2. What OS is it running?

Raspbian, free operating system based on Debian.

3. Is it slow?

We haven't make any benchmarks yet. Obviously it's slower than our online web services - but then it's a lot cheaper. On the other hand, performing some sample requests we can say that performance is certainly acceptable; and there is a lot room for improvements - raspberry pis can be easily overclocked from 700 MHz to 1GHz and according to some benchmarks this can give rise to doubling of application speed in some cases. The SD card we used is not the fastest one as well. Finally, all caching is disabled because we wanted to save disk space but using database caching from Django caching framework should give further major improvements - so maybe use the 32 Gb image after all.

Types of request that chempi can be slower on are:

 - Image generation, but if we replace image with JSON from which image can be generated using HTML5 canvas on the client side (the way we generated images in our game) it can be much faster. More about this topic in future blog post.
- Queries using aggregate functions such as COUNT (it seems that we need to optimise our postgres db by adding some more indexes).
- Substructure and similarity search - again, caching, over-clocking and some database and cartridge (choosing faster fingerprints) optimization should solve all the problems. "Premature optimization is a root of all evil", so we first wanted to have a proof of concept that just works, not necessarily works super fast.

4. Can I make my own chempi?

Yes, we are planning to share our SD card image, we will probably use BitTorrent protocol to do this due to image size, and some issues we have faced with distribution of the myChEMBL. We do remember that not everyone has mega-fast broadband!

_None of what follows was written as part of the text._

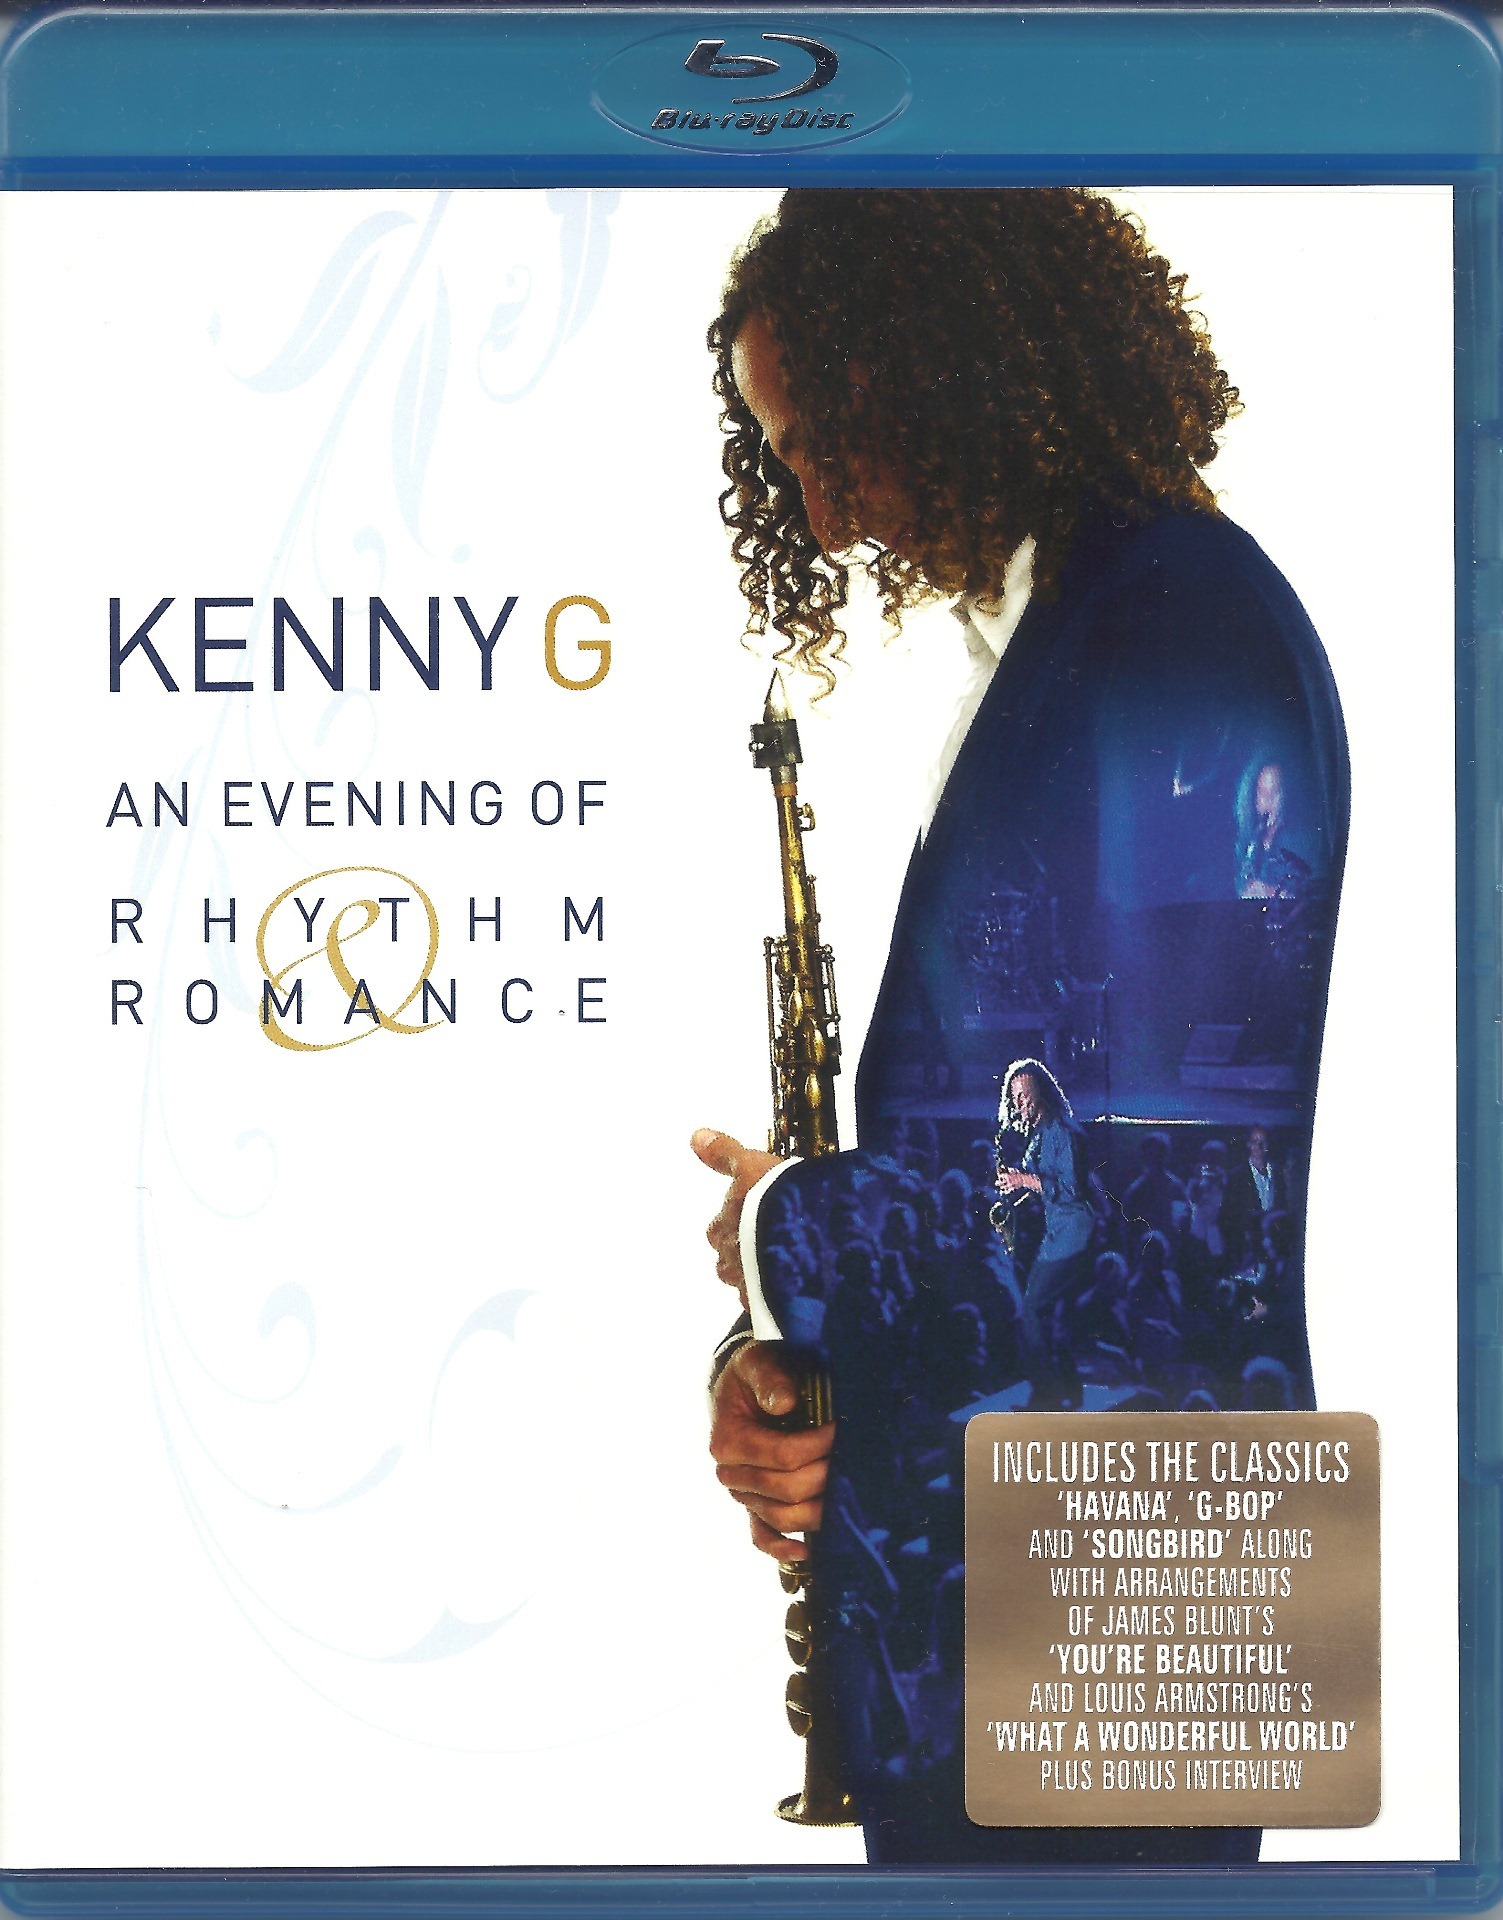 肯尼基 浪漫韻律之夜演奏會 Kenny G An Evening of Rhythm & Romance 2008 BluRay 1080p DTS-HD MA 5.1 Flac x265.10bit-BeiTai
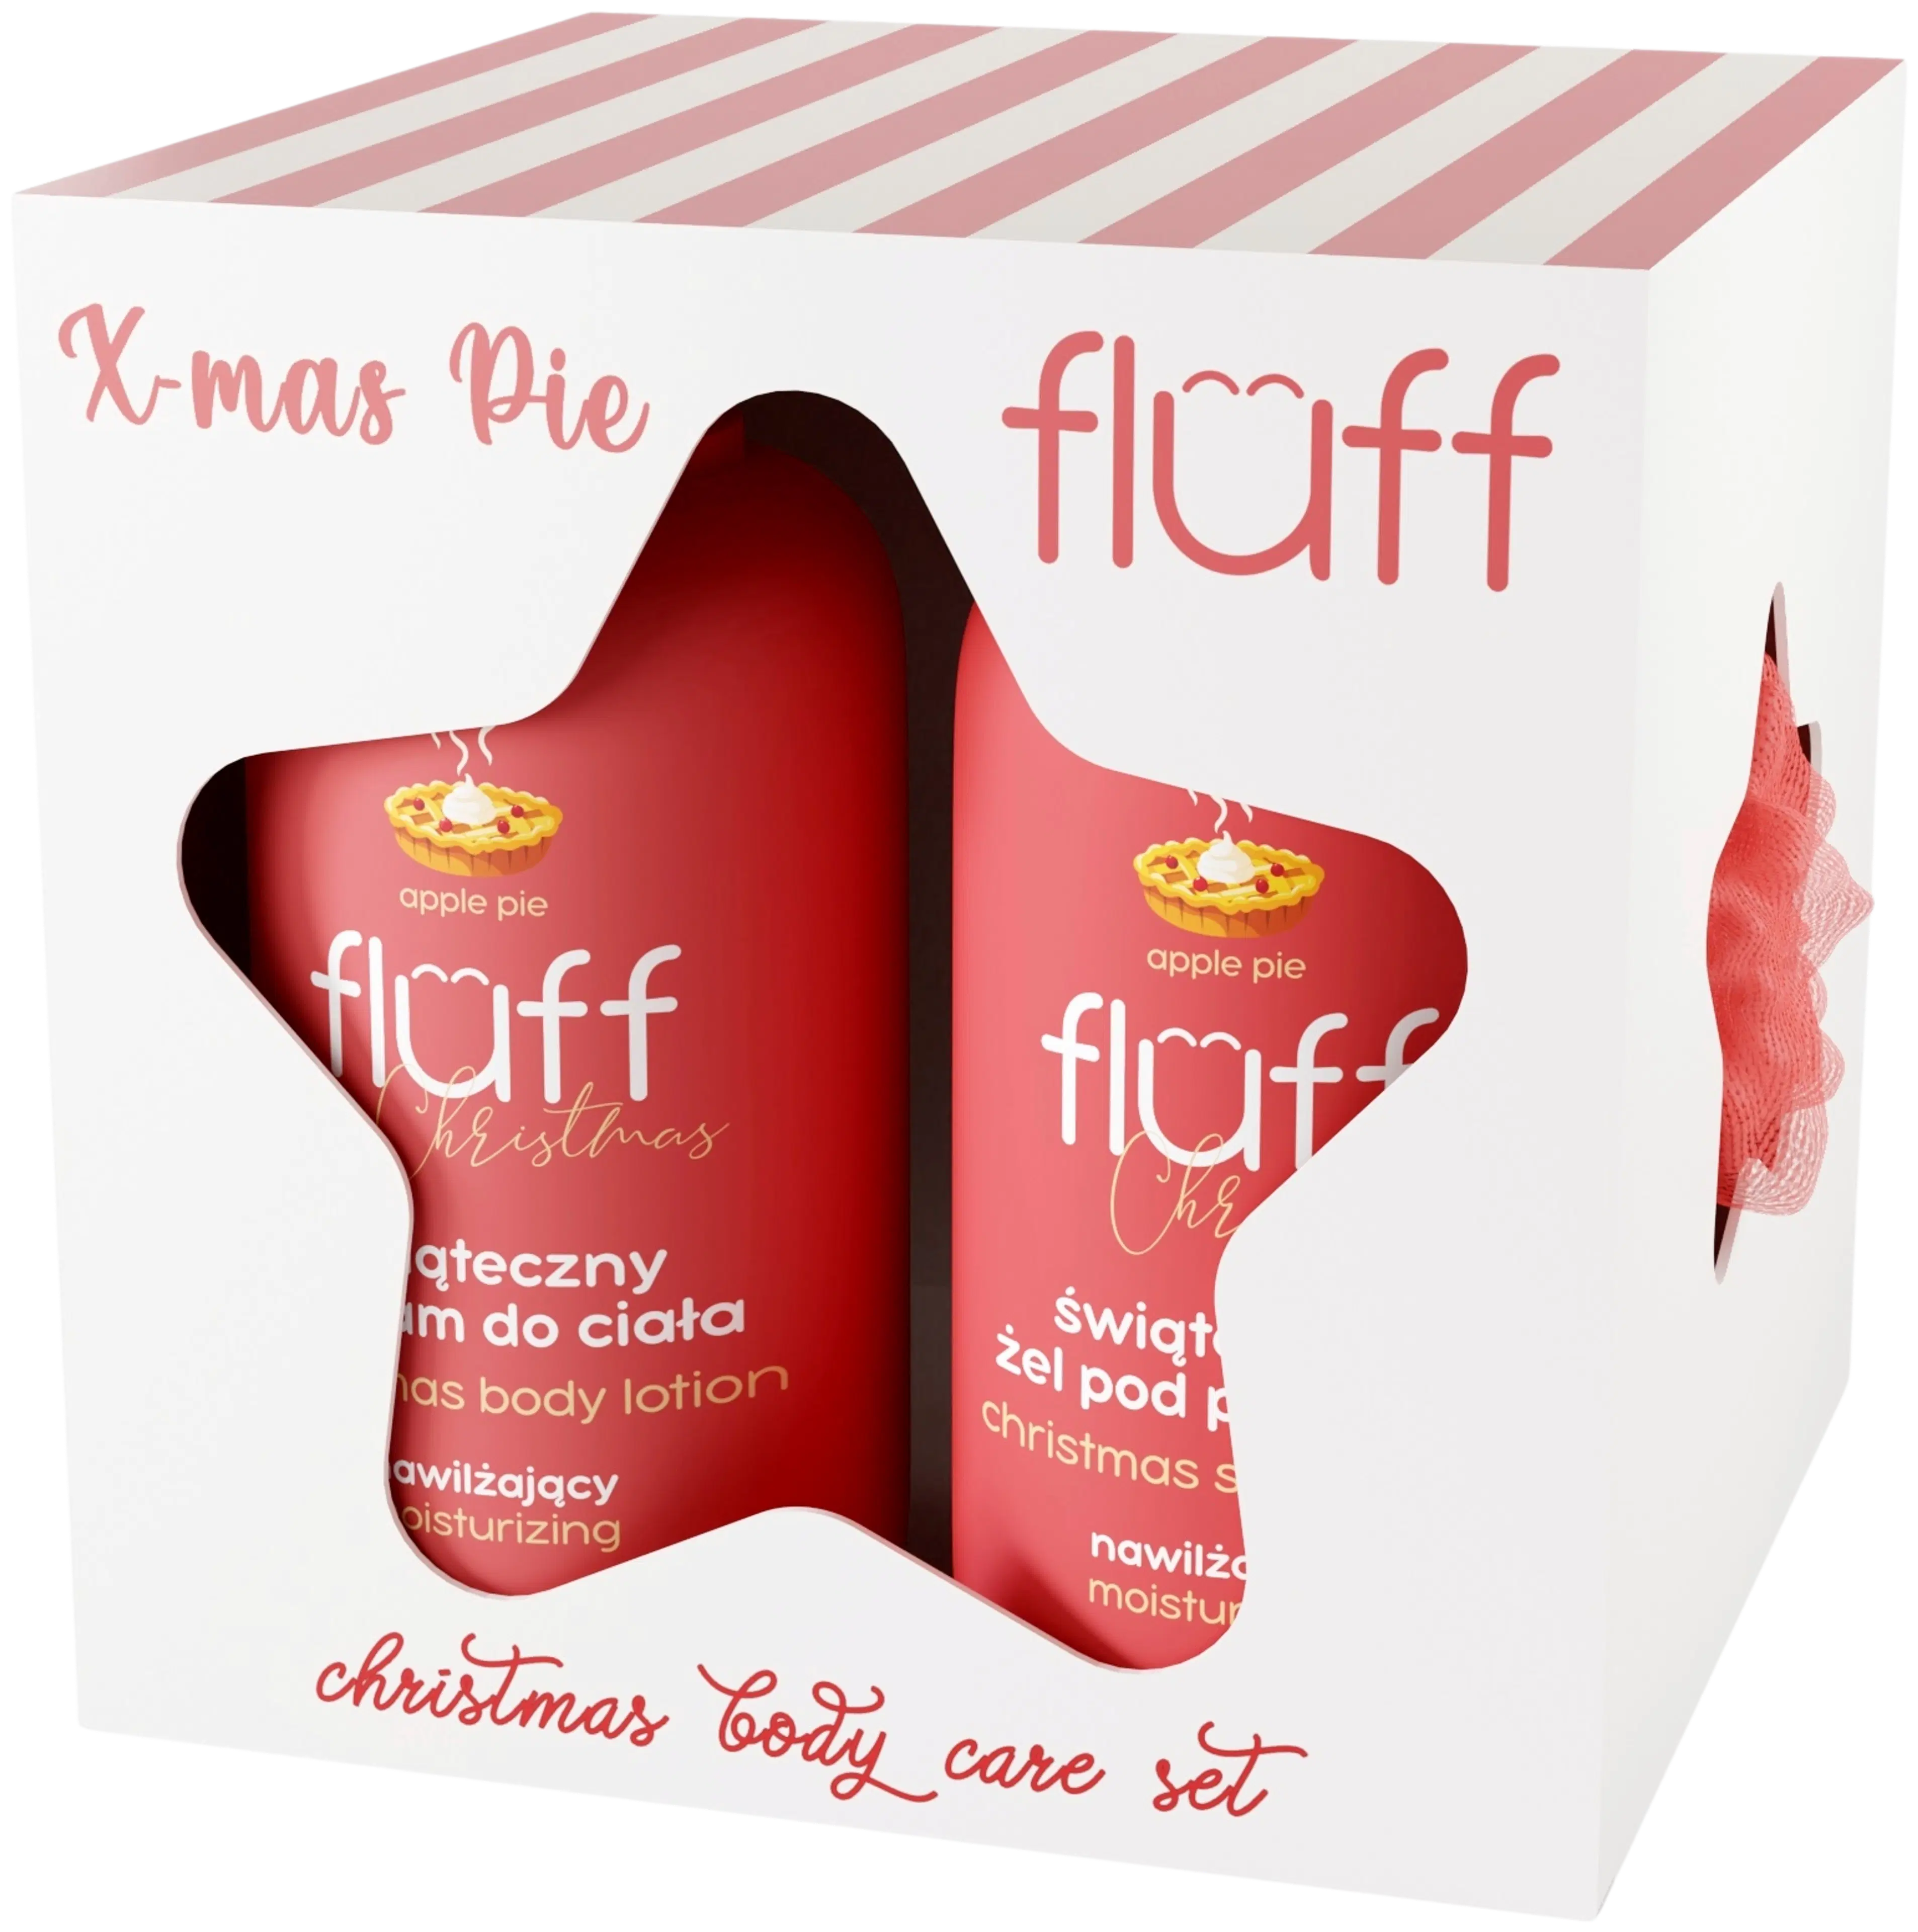 Fluff Christmas Body Care Set - X-mas Apple Pie

5. Is chempi useful at all?

Although we think it is interesting as a proof of concept having chemical database on such small and open source hardware, we do think this may have some interesting future real-world applications:

 - plugging our chempi to local network makes it immediately accessible to other computers. So this is a zero configuration demonstration of ChEMBL.
- analogically to the thesis included in this paper, it can encourage cheminformatics education on low cost ARM hardware.
- raspberry can be easily enhanced with camera to perform image recognition. This, combined with software like OSRA can give ability so scan compound images and search them in database.
- adding some e-ink display (for example, jailbroken Kindle?) can produce very interesting small machine...

6. What are some of the technical details?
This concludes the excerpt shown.